Lord Oliver stated that the distinction of ‘therapeutic’ surgery is of no use in this case as all that is concerned is
whether or not the surgery is in the best interests of the individual or not. He acknowledged the emotive
connotations that the term sterilization carries. ‘It is important at the very outset, therefore, to emphasise as
strongly as it is possible to do so, that this appeal has nothing whatever to do with eugenics. It is concerned with
one primacy consideration and one alone, namely the welfare and best interests of this young woman’.
S. Trombley considers the immorality concerned with sterilization issues – ‘Is it not condoning immorality? I
suppose it is. But which is the lesser evil, until we are able to remoralize whole groups and classes of people,
undergoing the harm done when already weak restraints on strong instincts are further weakened by
permissiveness in television, in films, or bookstalls?’

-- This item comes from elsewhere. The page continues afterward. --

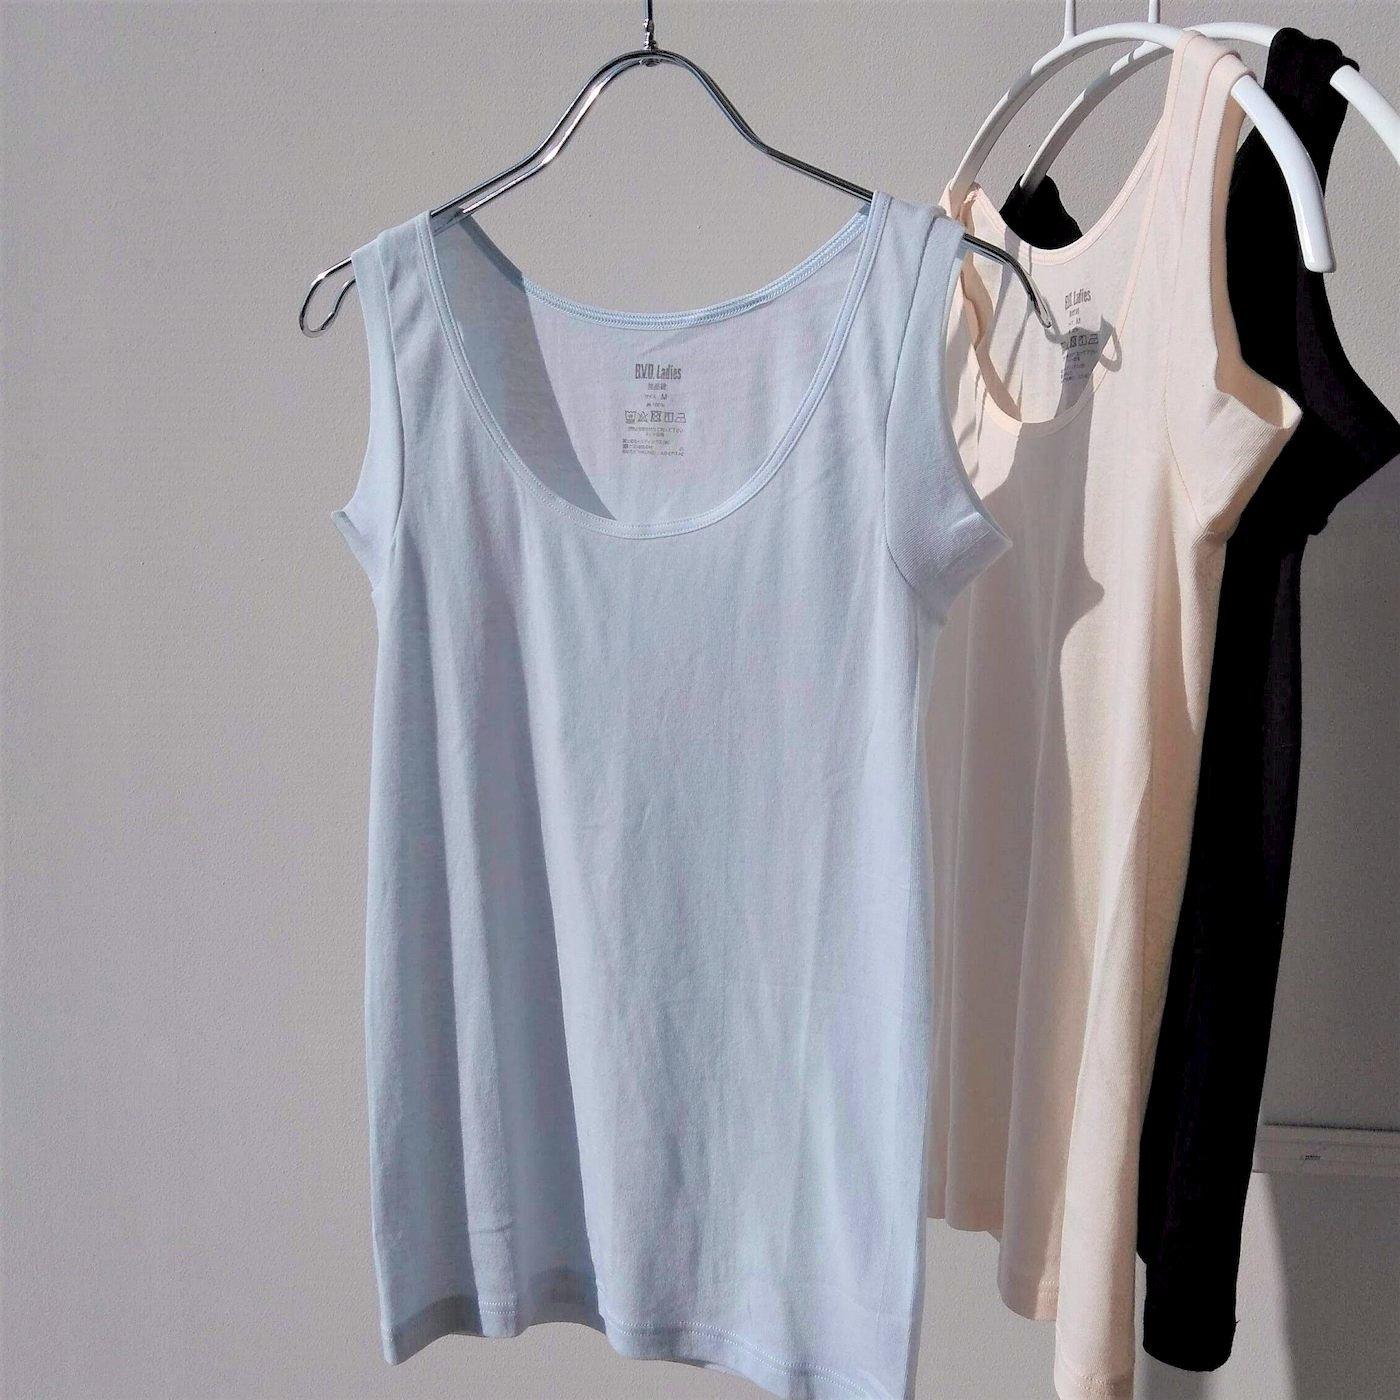 綿100%で吸汗速乾 強撚糸のシャリ感が心地よいタンクトップ〈M~L〉の会
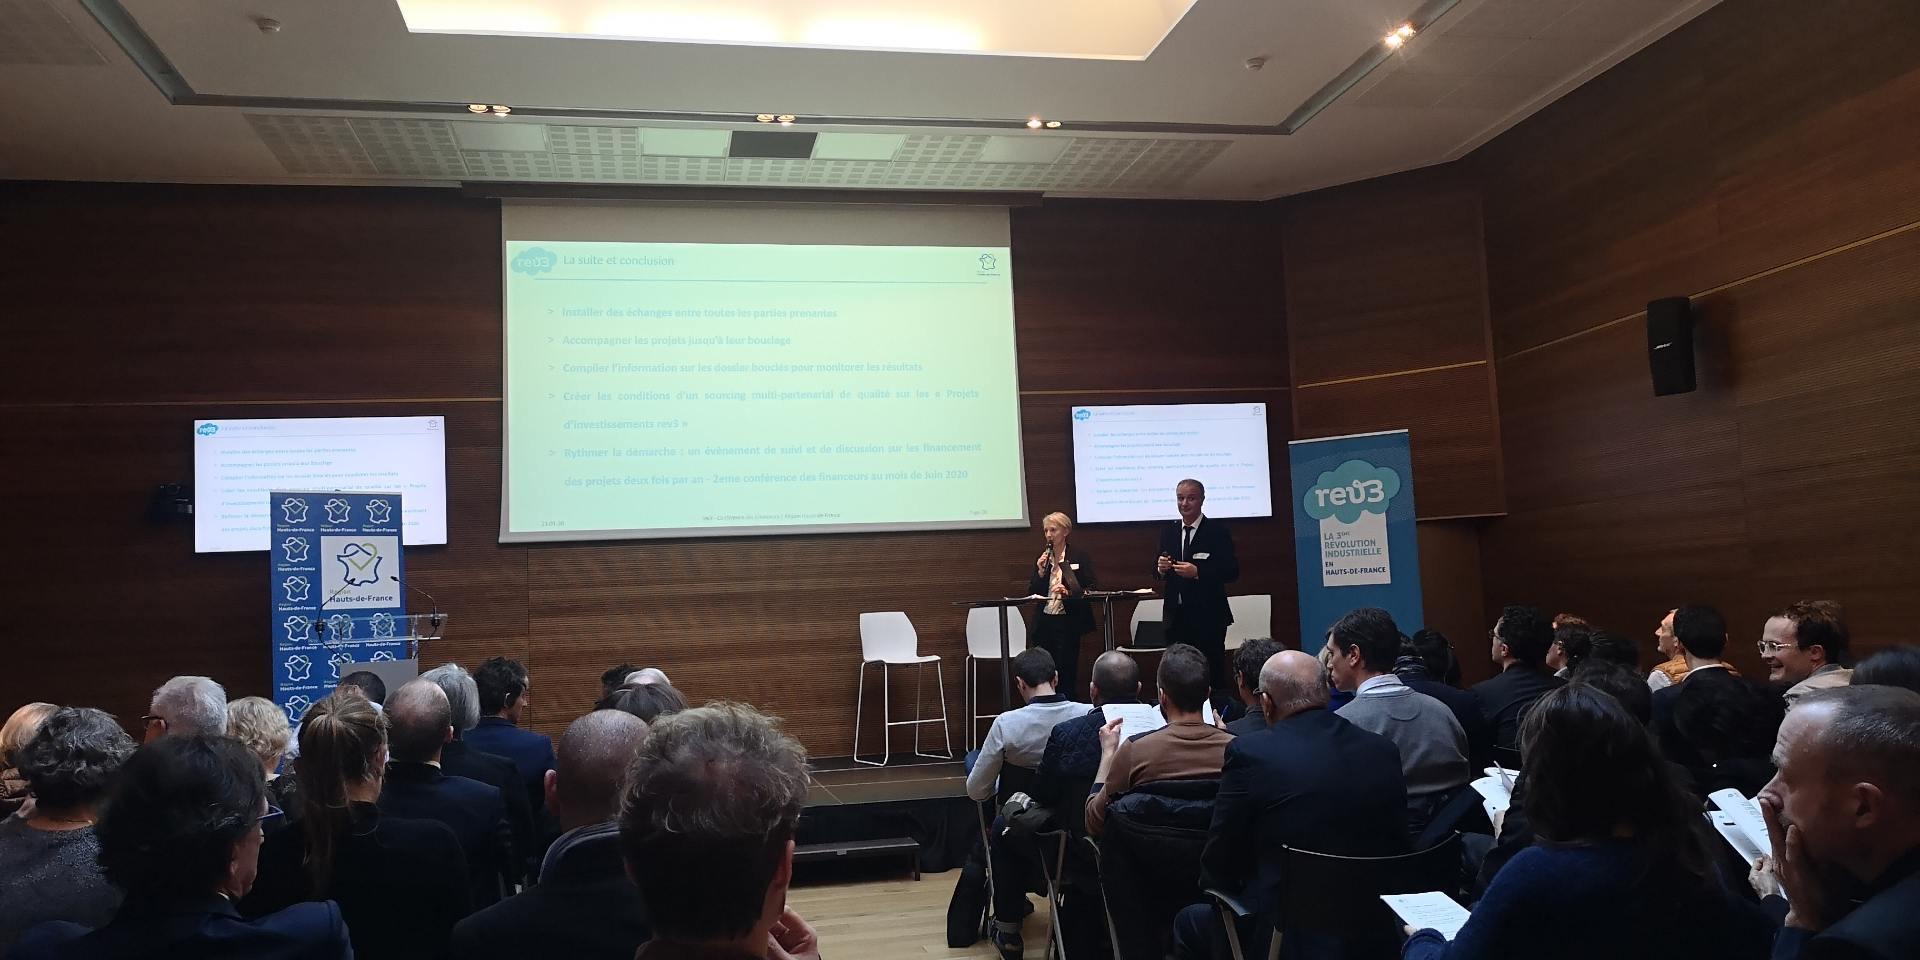 L'@AggloStQuentin est présente à la conférence des financeurs @rev3 ℹ️agglo-saintquentinois.fr/actualites-109… twitter.com/rev3/status/12…

Critiquing Re B, Lee & Morgan state that it is difficult to see what is ‘human’ on this analysis of a basic human
right. They assert that it does not seem to attach by virtue of a person’s humanity and is capable of being pushed
aside for certain classes of person. ‘Nor is this right “basic”. It is contingent upon the person having the capacity
to value that right’.
Re P [1988]
A mother made her 17-year-old daughter a ward of court and sought leave for a sterilisation operation to be
carried out. The ward was attractive and normal looking but had the intellectual capacity of a six-year-old. That
made her particularly vulnerable to seduction. The risk of pregnancy and of the child being taken away at birth
would be disastrous. Medical opinion differed as to whether the ward would ever have sufficient mental capacity
to consent to a sterilisation.
It was held that it would be disastrous if the ward were to fall pregnant given her vulnerability. Accordingly, it was
in her best interests to have the operation and leave would be given for it to be carried out.
ADULTS
F v West Berkshire HA [1989]
36-year-old woman who had the mental age of a minor. The woman in question lived permanently at a mental
hospital under medical care. Her mother sought a declaration from the court to the effect that it would be lawful to
sterilize her daughter even though she is incapable of consenting to the operation.